La iniciativa generó seis años de inestabilidad
dentro del gobierno en el exilio, hasta
llegar a que los socialistas se consideraran
fuera de él o lo tomasen por extinguido.
La crisis de los socialistas vascos enfrentó
al consejero Santiago Aznar con Indalecio
Prieto, dando lugar a una escisión. El poder
de atracción de Aguirre había subsumido al
resto de consejeros en su política –traducida
en casi todos los casos en expulsión por parte
de sus respectivos partidos: Astigarrabía,
Aldasoro y, con serias tensiones, Nárdiz–;
sólo faltaban los socialistas y estos resistieron
gracias a la tenacidad de Prieto.
En el año y medio en que Aguirre desapareció
en su rocambolesco periplo entre
“la bolsa de Dunkerque” y su llegada final a
Nueva York se confirmó que aquel gobierno
era sólo de nacionalistas y sus satélites. Manuel
Irujo lo llevó al estrambote con un Consejo
Nacional Vasco con sede en Londres que
hacía plena la estrategia de Frente Nacional
Vasco al prescindir del resto de fuerzas no
nacionalistas. Elaboró un anteproyecto de
Constitución para una hipotética República
Vasca que abarcaba una “Gran Vasconia”
de dimensiones inauditas (aunque recuperada
después por Krutwig). La “obediencia
vasca” llevada al paroxismo suscitó incluso
la reacción de Aguirre al reaparecer: Irujo
habría actuado por su cuenta. Pero ello no
menguó la pulsión endogámica de Aguirre:
éste se embarcó en una gira americana para
fijar al exilio vasco a su “línea nacional”, a
su propia persona, a la ajenidad a las instituciones
republicanas españolas y a la identificación
con los intereses de las potencias
aliadas contra el fascismo. En esos meses,
más si cabe que nunca, el gobierno fue él
solo (y sus delegados de Buenos Aires, México
y otras localidades). Entonces Prieto, viendo
amenazada la legitimidad republicana,
su españolidad y la continuidad orgánica de
su propio partido, reaccionó contra Aguirre.
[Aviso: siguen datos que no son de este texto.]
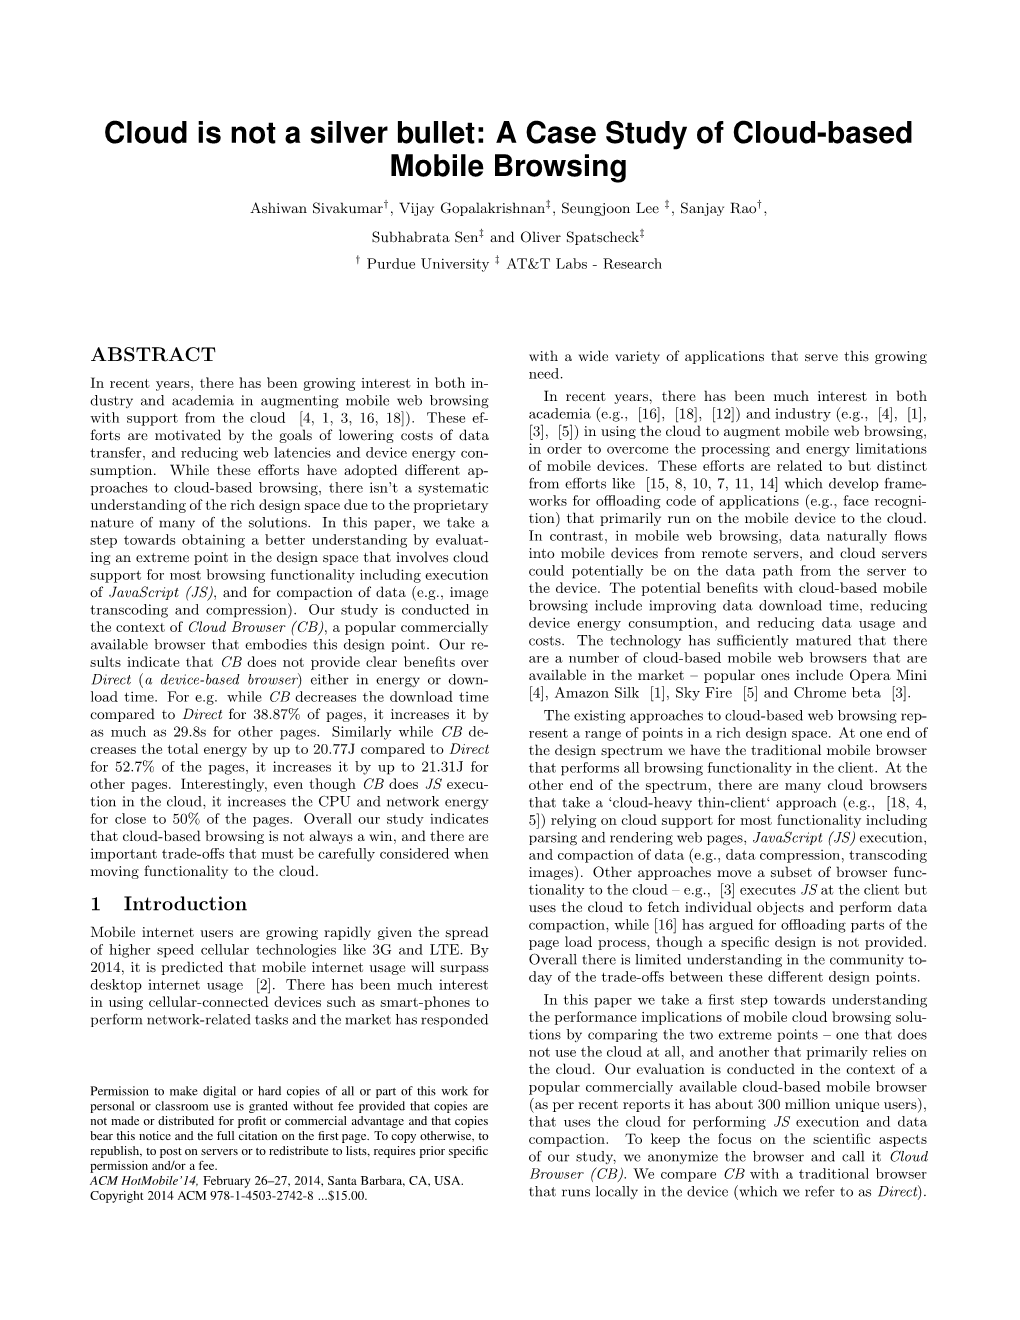 Cloud Is Not a Silver Bullet: a Case Study of Cloud-Based Mobile Browsing
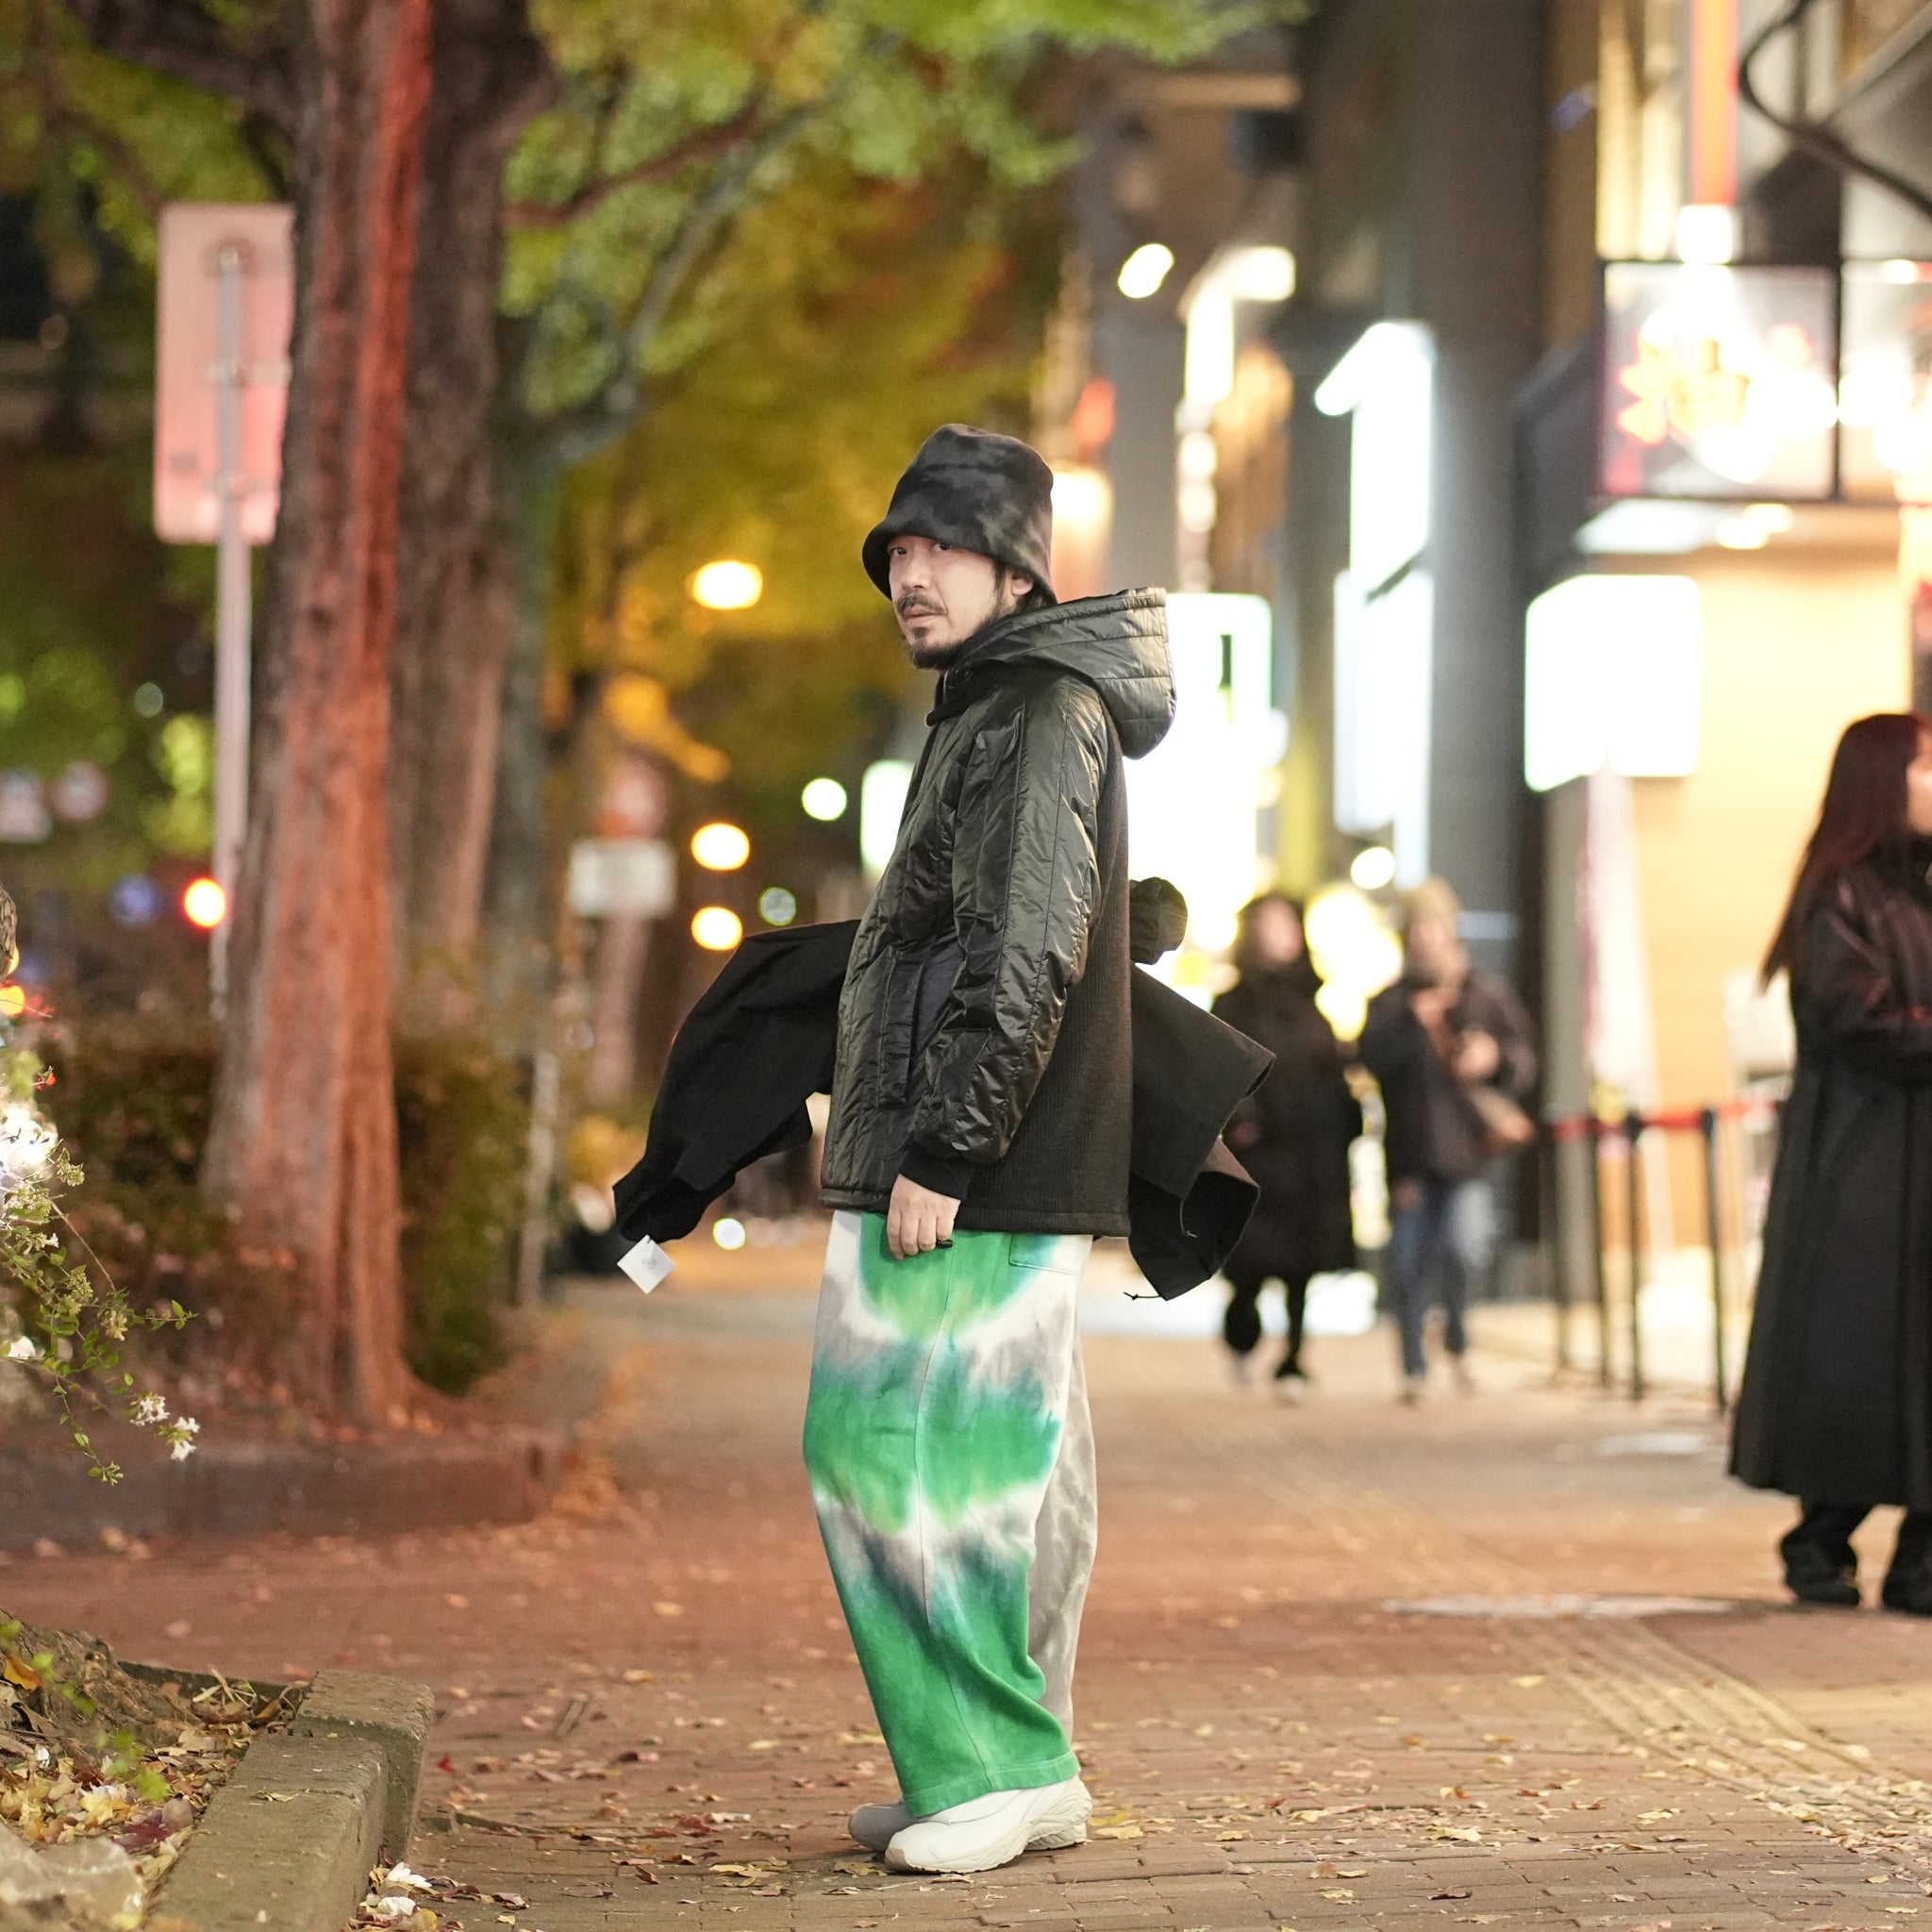 Name:Tiedye Pile Pants | Color:Mix/Coffee【AMBERGLEAM_アンバーグリーム】| No:1144131112

La amistad de los dos grandes políticos vascos
no oculta su profunda discrepancia en
lo fundamental. El socialismo vasco, siempre
prietista, puso pie en pared frente a la intentona
de Aguirre de convertirlos a ellos también
en subordinados a su estrategia. No se
trataba ahora de frente abertzale –el único
nacionalismo relevante era el del PNV–, sino
de doblegar al resto a la “obediencia vasca”,
subordinarlos a la mirada que sobre el
país tenían los nacionalistas. La pluralidad
vasca, dentro y fuera entonces de sus límites
geográficos, volvía a ser puesta en cuestión.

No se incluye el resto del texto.